No Sleep 'til Hammersmith is the first live album by English rock band Motörhead, released on 22 June 1981 by Bronze Records. It peaked at number one on the UK Albums Chart. It was followed by the release of the single "Motorhead" (backed with the non-album track "Over the Top") on 3 July, which peaked on the UK Singles Chart at number 6.

Background
After releasing three albums and touring for five years, Motörhead's 1980 album Ace of Spades (their first LP to be released in the United States) gave the band its first taste of major success. However, as drummer Phil "Philthy Animal" Taylor wryly notes in the documentary The Guts and the Glory:

In February 1981, the band released the St. Valentine's Day Massacre EP co-recorded with Girlschool, and in March headed out on a British jaunt called the "Short Sharp Pain in the Neck" tour, from which the songs on No Sleep 'til Hammersmith would be picked.

Recording
The original No Sleep 'Til Hammersmith LP includes two songs from their debut album, the title track from 1979's Bomber, five songs from 1979's Overkill, and three songs from Ace of Spades. The track "Motorhead" would be released as a single and become the band's biggest hit to date, reaching number 6 in the UK. Bar "Iron Horse/Born to Lose", which was from a 1980 show, No Sleep 'til Hammersmith was recorded at Leeds and Newcastle shows during the Short Sharp Pain in the Neck tour. The name of the tour referred to an injury sustained by Taylor when he was dropped on his head during after-show horseplay.

The title is a reference to the major London music venue the Hammersmith Odeon (now Apollo); often the last stop on the band's UK tours. But despite the name, this venue was not played on this tour, the shows being:
 27 March 1981: West Runton Pavilion, Norfolk, England
 28 March 1981: Queen's Hall, Leeds, England
 29 March 1981: City Hall, Newcastle, England
 30 March 1981: City Hall, Newcastle, England
 3 April 1981: Maysfield Leisure Centre, Belfast, Northern Ireland

Backstage at Leeds and Newcastle, the band were presented with silver and gold records for sales of Ace of Spades, silver for Overkill and silver for "Please Don't Touch".  The sound at Leeds Queens hall was not good and most of the original album is taken from Newcastle. Vocalist and bassist Lemmy stated that originally they intended No Sleep 'til Hammersmith to be a double album but they only had enough material for three sides. 
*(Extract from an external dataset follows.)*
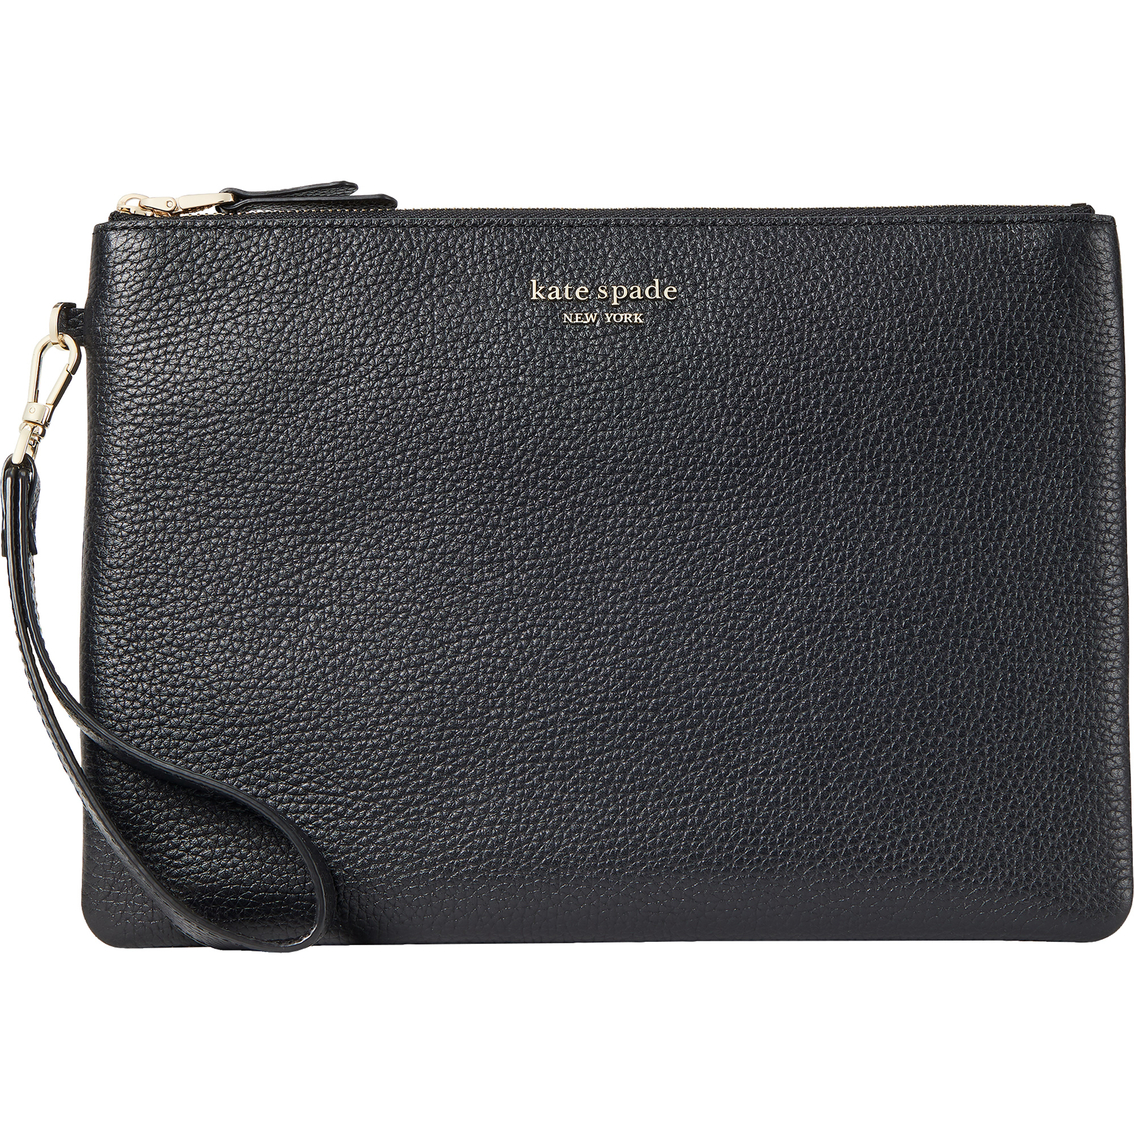 Kate Spade New York Roulette Large Pouch Wristlet | Wristlets, Clutches ...

At the time of the album's release, the band were in the middle of their first tour of North America, supporting Ozzy Osbourne. "When 'No Sleep 'Til Hammersmith' came out", Lemmy told James McNair of Mojo in 2011, "it made a difference financially, but a lot of it went back into the show."

Reception

No Sleep 'til Hammersmith is the band's peak in terms of chart positions. In the wake of the success of the St. Valentine's Day Massacre EP and Ace of Spades album and single, it entered the UK chart at number one. Lemmy believed its success was due to a building anticipation from their fan base for a live album, due to the band having toured so heavily in the past, but also considered it their "downfall" due to the difficulty in following up its success. 

Jason Birchmeier of AllMusic wrote, "the performance: in a word, it's breakneck. [...] Motörhead could do no wrong at this point in time, as they were laying the foundation for the coming thrash movement, in a way, and their winning streak continues here on No Sleep 'Til Hammersmith, one of the best live metal albums of all time." In the 2011 book Overkill: The Untold Story of Motörhead, biographer Joel McIver calls it "the peak of the Lemmy/Clarke/Philthy line-up's career". Robert Christgau wrote, "Vic Maile's power-packed definition obliterates my bias against live recording. Remakes of white lies like 'No Class' and 'Stay Clean' and calling cards like 'Bomber' and 'Motorhead' save valuable shelf space. So what if it gives me a headache? Sometimes a headache comes as a relief."

The Daily Telegraph rated it the best live album of all time. It is also featured in the book 1001 Albums You Must Hear Before You Die.

References to the title
The title of the band's third live album, Nö Sleep at All, refers to the title of this album.

The album title was also referenced by the Beastie Boys on the track "No Sleep till Brooklyn" from their album Licensed to Ill.

Track listing

Original edition

Metal-Is Records 2001 2-CD re-issue edition

 All track dates taken from the liner notes
'Iron Horse/Born to Lose' was recorded at an unspecified location in 1980, on the 1980 European tour (thus between 7 February and 20 April 1980), the same tour as The Golden Years EP, which are also unspecified on any releases.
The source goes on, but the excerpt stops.